How Lego Education tries to encourage kids into Stem through play-based learning

To us, it may just be a toy we have long left in our childhood, but the makers at Lego Education are creating ways these tiny bricks can support and encourage schools and teachers to make Stem more interesting in a learning environment. Computer Weekly reports.

I liked to think of the duck as a sort of thought experiment – there is apparently “no wrong answer” when trying to make the duck, and there are many many different ways of solving it.

Encouraging creativity

With automation making softer skills increasingly important, there is a focus on trying to encourage creativity by incorporating art into the science, technology, engineering and maths (Stem) focussed fields – in the Lego world it is referred to as Steam.

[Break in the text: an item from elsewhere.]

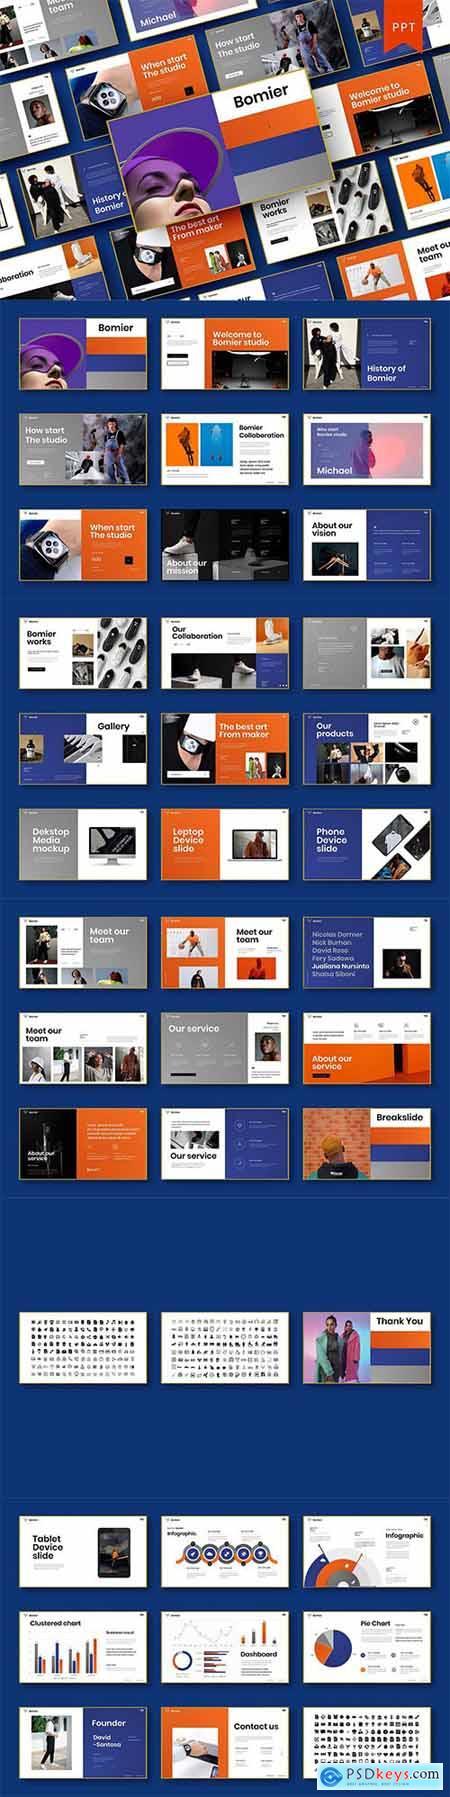 Bomier – Business PowerPoint Template

Many use Lego in the classroom to promote creative thinking, and Jane Meldgaard Johansen, communication manager at Lego Education, claimed it is a good way to get children incorporating technology concepts into their learning whilst thinking outside of the box.

Many of the children explain how they tested ideas before realising they didn’t work, adapting their inventions to make them better.

To try and ease teachers into being more accepting of using Lego to support the curriculum in the classroom, there are resources available including cards with suggestions on how teachers can guide a lesson.

All of the Lego Education sets designed for Primary and Secondary level education also come with a free downloadable guide which includes resources aligned with the curriculum to help teachers with building instructions and classroom tasks.